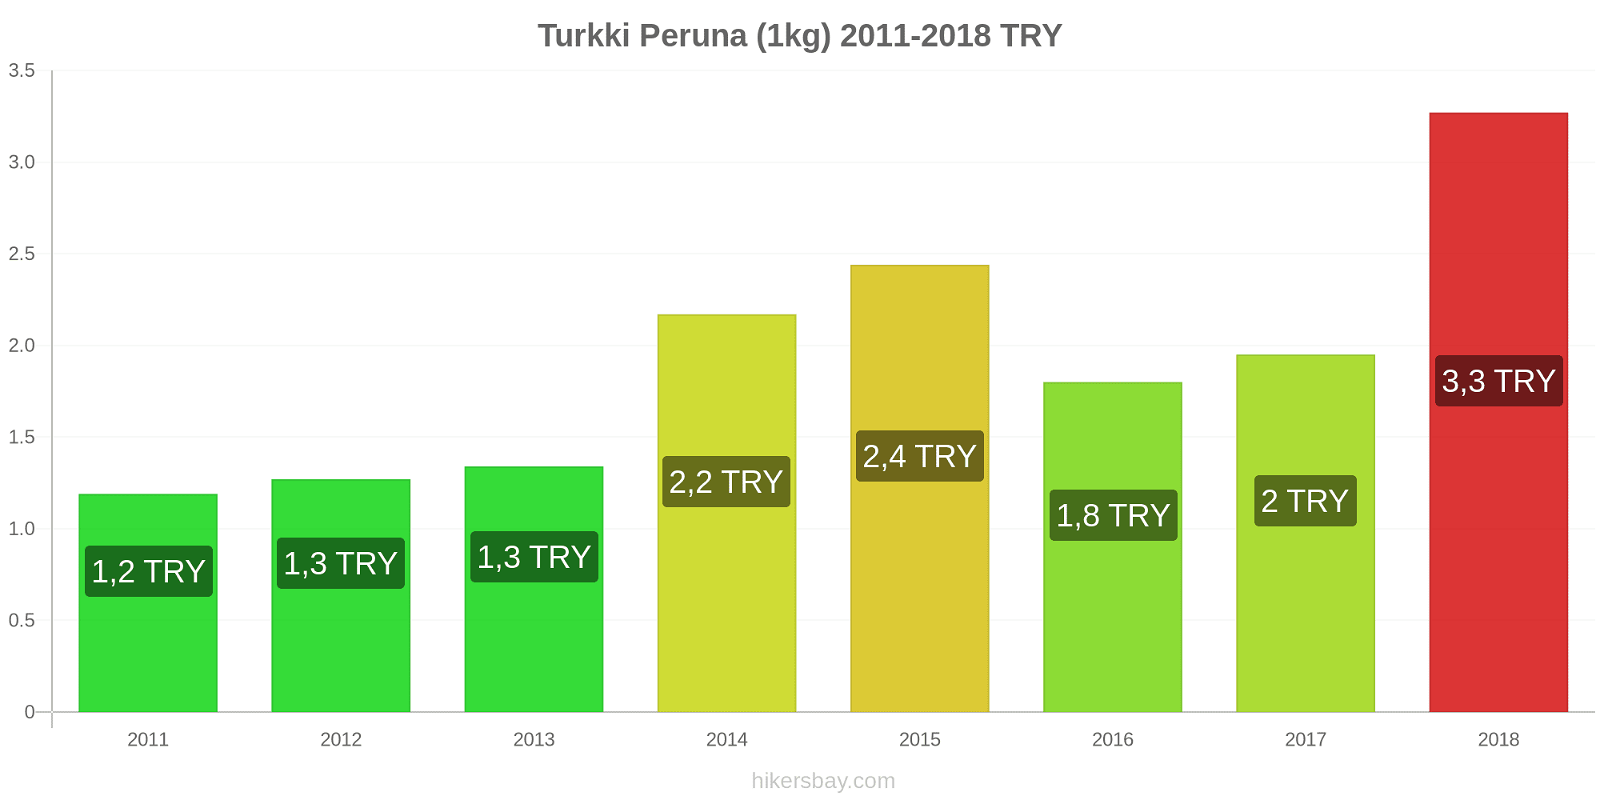 Turkki hintojen muutokset Peruna (1kg) hikersbay.com
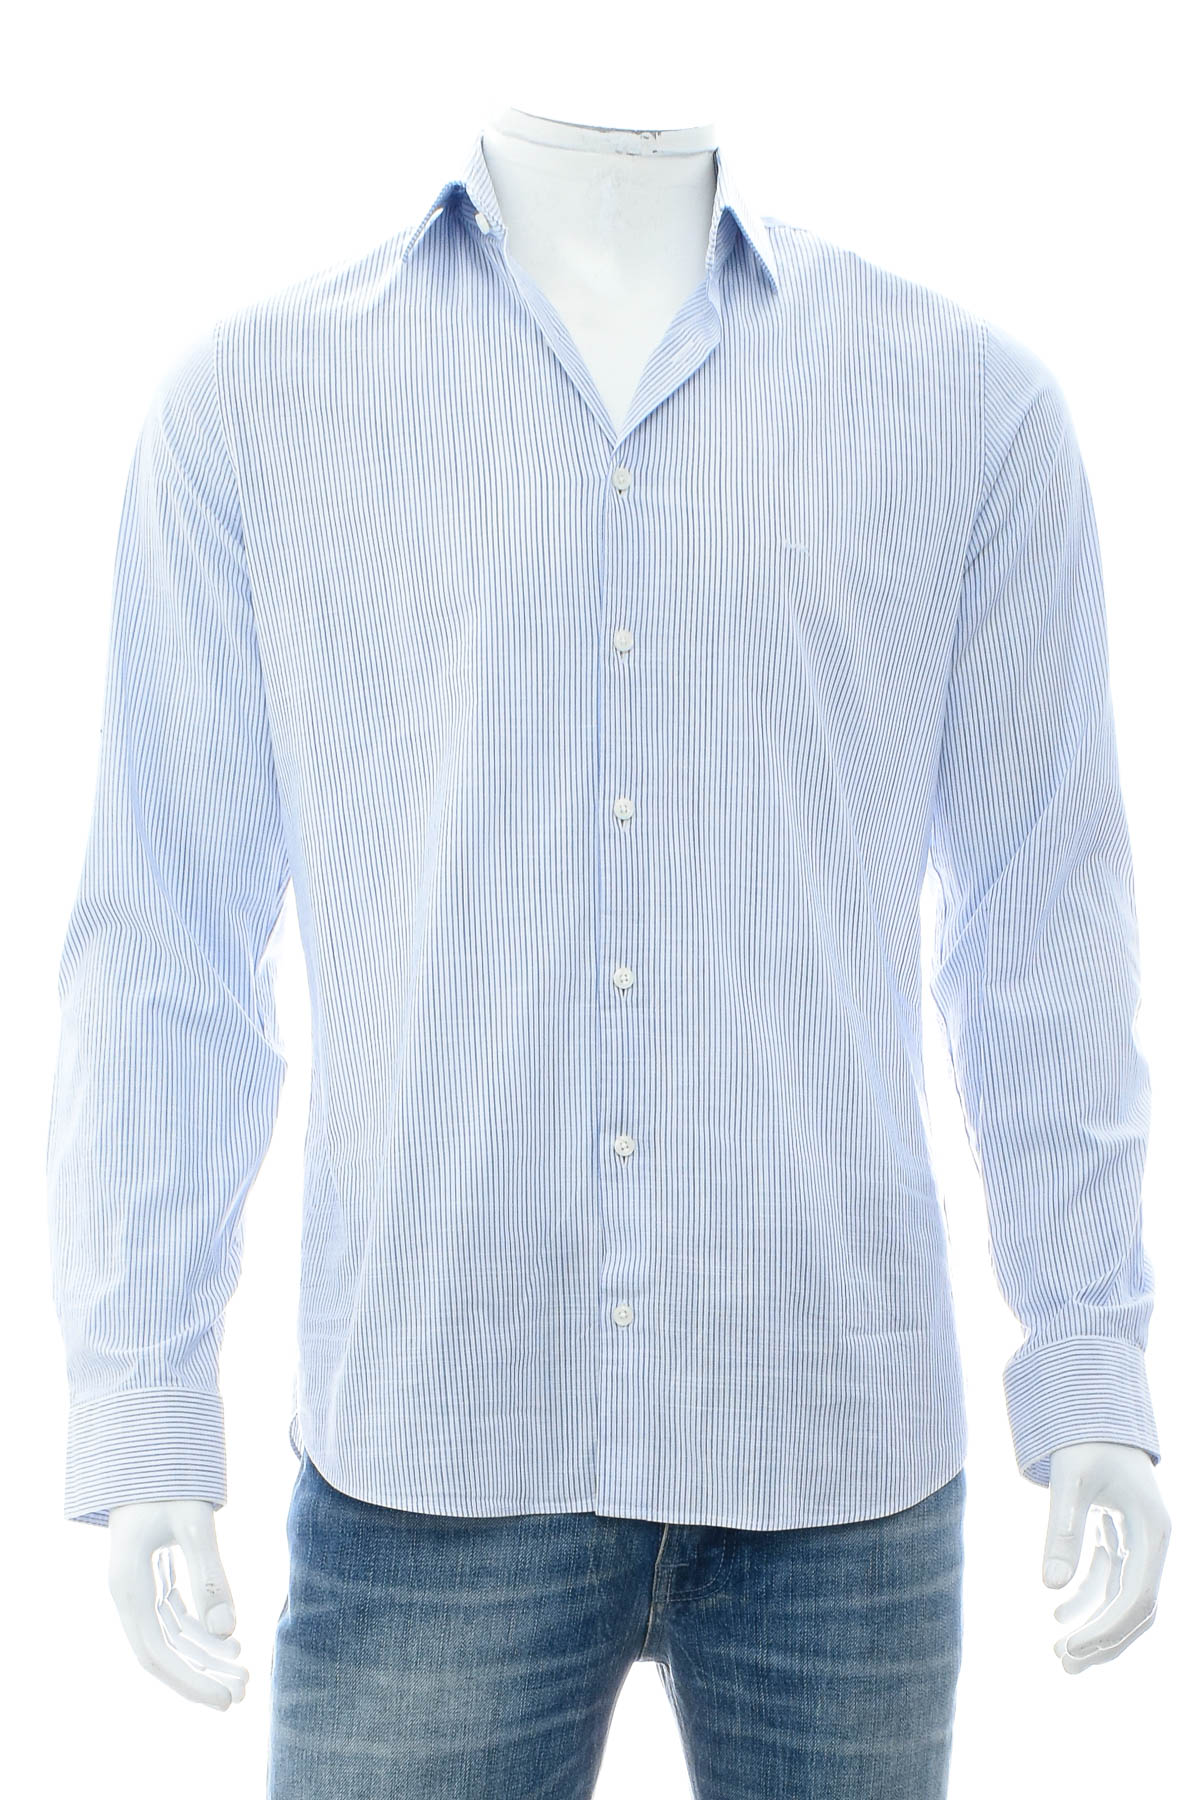 Ανδρικό πουκάμισο - Michael Kors - 0
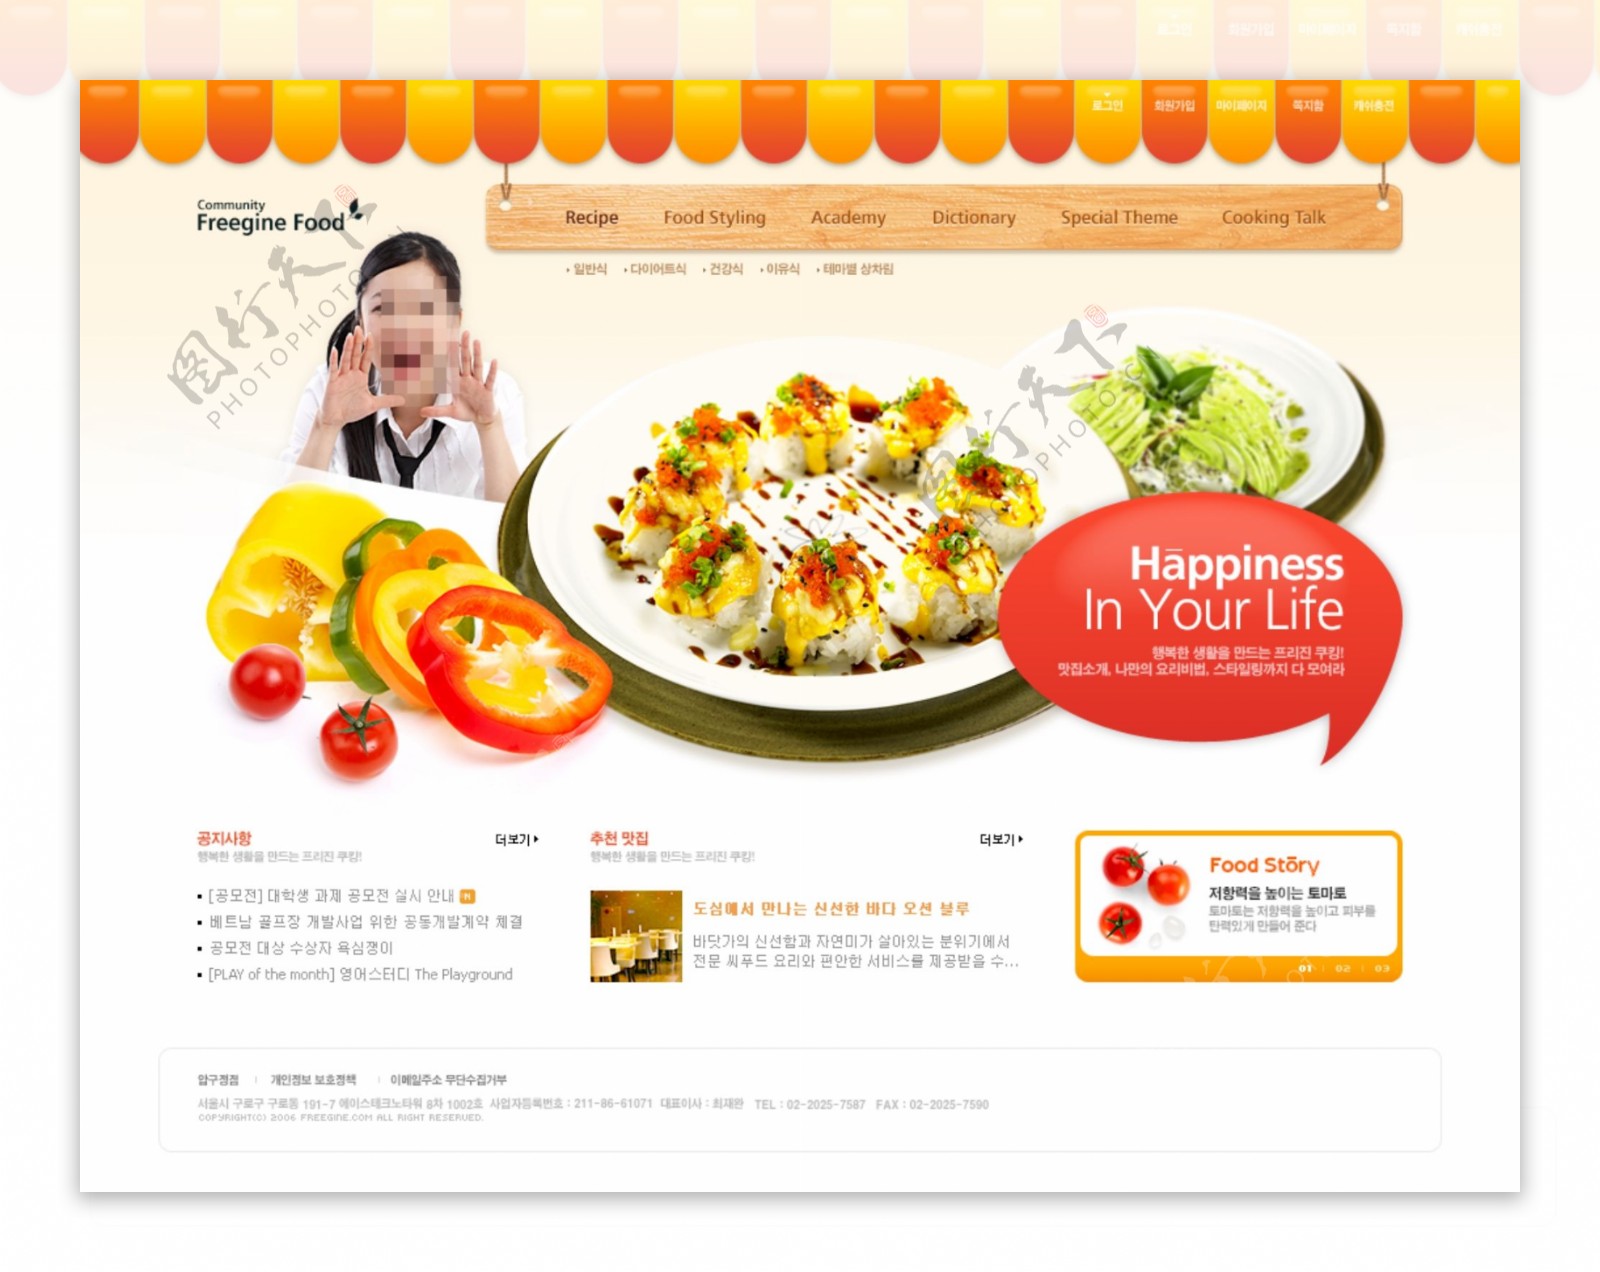 商业网页设计模板图片
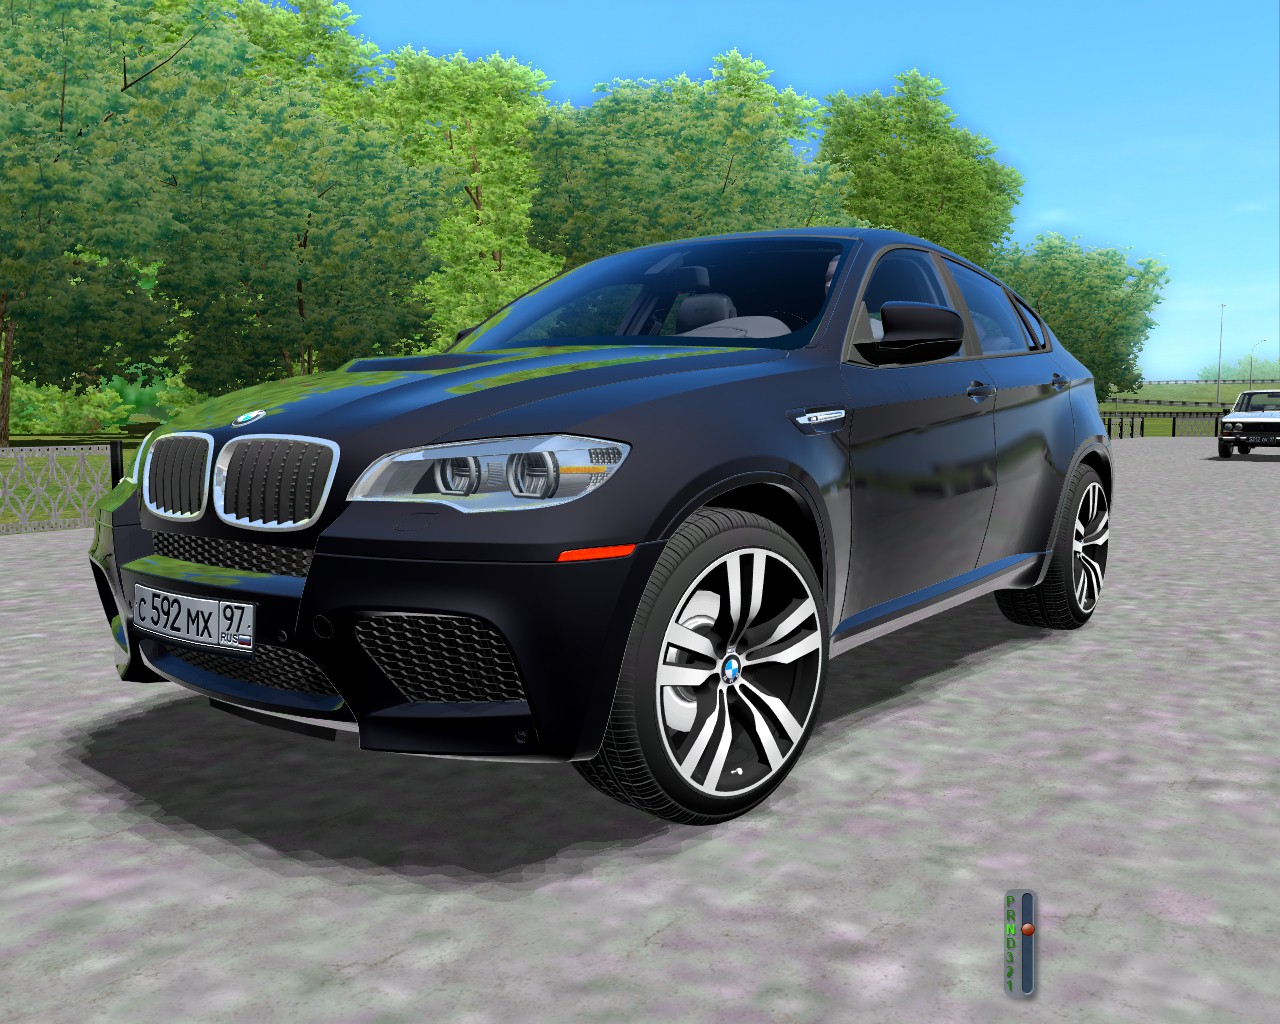 Новая версия 32. City car Driving BMW x6. BMW x5 City car Driving 1.5.9.2. BMW x7 40i Сити кар драйвинг. БМВ х5 Сити кар драйвинг.

ACTION ITEM :: Output the whole listing again, exactly, without its pictures.

RESPONSE ::
 Turkki hintojen muutokset Peruna (1kg) hikersbay.com
 Ανδρικό πουκάμισο - Michael Kors - 0
 商业网页设计模板图片
 Новая версия 32. City car Driving BMW x6. BMW x5 City car Driving 1.5.9.2. BMW x7 40i Сити кар драйвинг. БМВ х5 Сити кар драйвинг.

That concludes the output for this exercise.